Belfast Telegraph

Judge rules failure to compensate victims of historical abuse not unlawful

Judge Bernard McCloskey opened the door for a further potential challenge.

Victims and families of victims of historical institutional abuse outside Belfast’s High Court (Liam McBurney/PA)
Victims and families of victims of historical institutional abuse outside Belfast’s High Court (Liam McBurney/PA)

Northern Ireland Secretary Karen Bradley’s ongoing failure to compensate victims of historical abuse in the absence of a Stormont executive is not unlawful, a High Court judge in Belfast has ruled.

An abuse survivor failed in his bid to compel Mrs Bradley to implement stalled redress mechanisms for victims and call an Assembly election.

But Judge Bernard McCloskey opened the door for a further potential challenge if Mrs Bradley does not act on draft legislation on the compensation scheme that has been developed by Stormont civil servants.

The plight of victims and survivors of historical institutional abuse in Northern Ireland illustrates graphically just how damaging this is for certain sections of society Judge Bernard McCloskey

He said the current political vacuum was unsatisfactory but it was not unconstitutional.

“The plight of victims and survivors of historical institutional abuse in Northern Ireland illustrates graphically just how damaging this is for certain sections of society,” he said.

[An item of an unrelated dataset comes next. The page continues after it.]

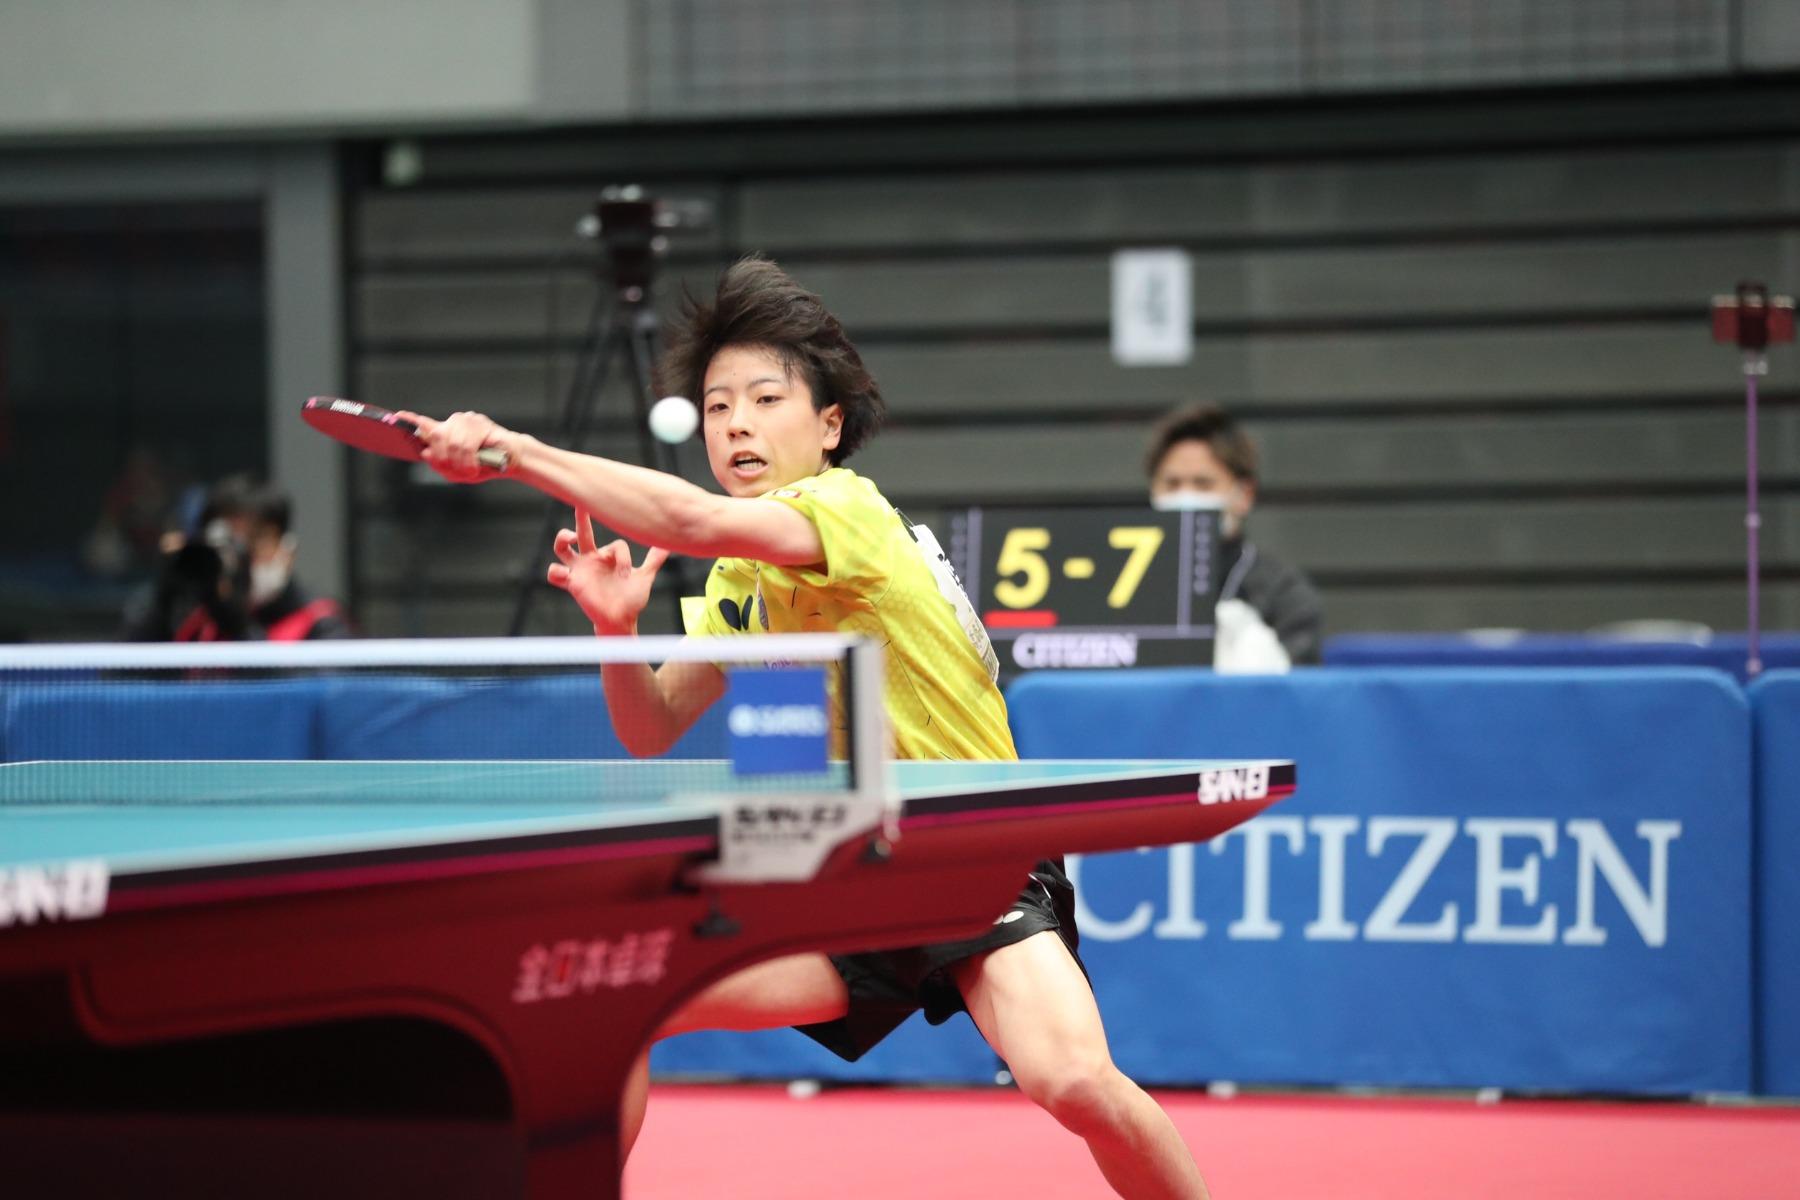 VICTAS 2021年全日本卓球VICTAS特設ページ VICTAS JOURNAL

The case was taken by an unnamed male victim, who is now in his seventies, known to the court as JR80.

He was challenging the lack of action on recommendations by a state inquiry into historical institutional abuse in the region.

The proposals put forward by the HIA inquiry, chaired by retired judge Sir Anthony Hart, are mired in uncertainty due to the Stormont impasse.

They were published just as the DUP/Sinn Fein-led executive was imploding in January 2017, so no elected local ministers have been able to take action.

A public consultation on the proposed shape of the compensation scheme closed last month, but the plans cannot be implemented without intervention by the UK Government.

The HIA inquiry studied allegations of abuse in 22 homes and other residential institutions between 1922 and 1995. There were 76 homes that operated during that time and abuse victims from all of them would be eligible to apply for compensation.

The facilities were run by the state, local authorities, the Catholic Church, the Church of Ireland and children’s charity Barnardo’s.

The inquiry recommended compensation payouts ranging from £7,500 to £100,000 for victims.

Members of the Northern Ireland Affairs Committee at Westminster have written to Mrs Bradley urging her to intervene and legislate for compensation.